Malvar is known for the development of the lapped transform, Malvar wavelets, and new algorithms for entropy coding and multimedia signal processing and compression, such as audio and image codecs.

In industry, Malvar served as vice president of Research and Advanced Technology at PictureTel from 1985 to 1987 (which has since been acquired by Polycom). In Fall 1997, he joined Microsoft Research where he co-founded and managed the Signal Processing research group, now the Communication and Collaboration Systems and Knowledge Tools groups. He was a Redmond lab director from 2004 to 2007 before stepping up to become managing director. In 2010 he took on a new position of Chief Scientist, working on cross-labs strategic projects. Currently, as a Distinguished Engineer, he leads a team that develops new user experiences with new devices and new input/output interaction modes, with special attention to inclusiveness and empowering people with disabilities.

At Microsoft, Malvar contributed to the development of audio coding and digital rights management for the Windows Media Audio, Windows Media Video, and to image compression technologies, such as HD Photo / JPEG XR formats and the RemoteFX bitmap compression, as well as to a variety of tools for signal analysis and synthesis.

As of February 2022, he has published over 180 technical articles and has authored or co-authored over 120 issued patents.
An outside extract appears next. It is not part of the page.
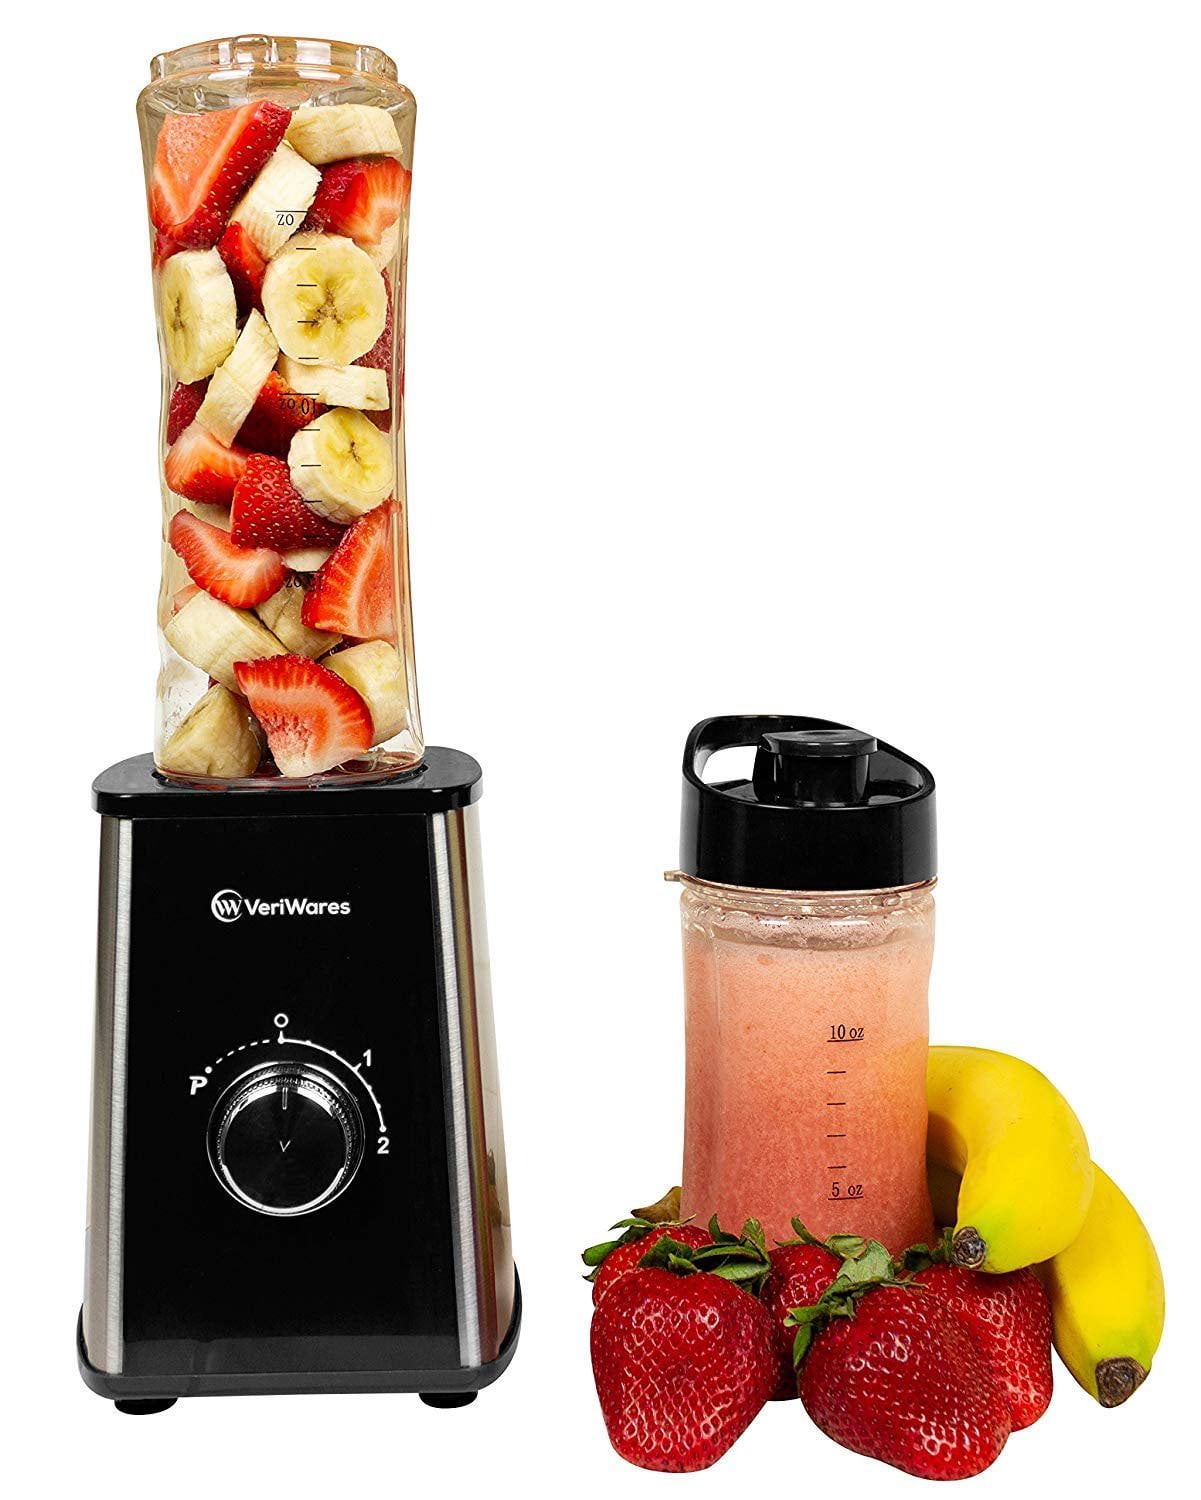 Personal Blender for Shakes Portable 2-Speed Motor and 3 Blades Good for Practical and Compact Design Smoothie Maker 2 BPA-Free Bottles with Oz Marks Black - Walmart.com

== Editorial and committee positions ==

Malvar has served as an editor or committee member for the following journals, conferences, and organizations:

- Associate editor of IEEE Transactions on Signal Processing
- Editorial board of Applied and Computational Harmonic Analysis
- Technical committee for the IEEE International Conference on Acoustics, Speech, and Signal Processing (ICASSP)
- Technical committee for the Data Compression Conference (DCC)
- Advisory committee for the National Science Foundation Directorate for Computer & Information Science & Engineering
- Member of the Special Nomination Committee for the National Academy of Engineering

== Titles and awards ==
Malvar holds the following prestigious titles and awards. A sample:

- 1981: The Young Scientist Award from the Marconi International Fellowship Foundation
- 1992: Best Paper Award in Image Processing from the IEEE Signal Processing Society
- 1997: Fellow of the Institute of Electrical and Electronics Engineers (IEEE) for contributions to the theory and practice of lapped transforms, fast multirate filterbanks, and signal coding.
- 2002: Technical Achievement Award from the IEEE Signal Processing Society
- 2004: Wavelet Pioneer Award from SPIE
- 2006: Distinguished Engineer at Microsoft.
- 2012: Member of the US National Academy of Engineering (NAE).
- 2014: 20th Century Landmark Award, IEEE Seattle Section.
- 2020: Amar G. Bose Industrial Leader Award, IEEE Signal Processing Society.
- 2022: Doctor Honoris Causa from the University of Brasília.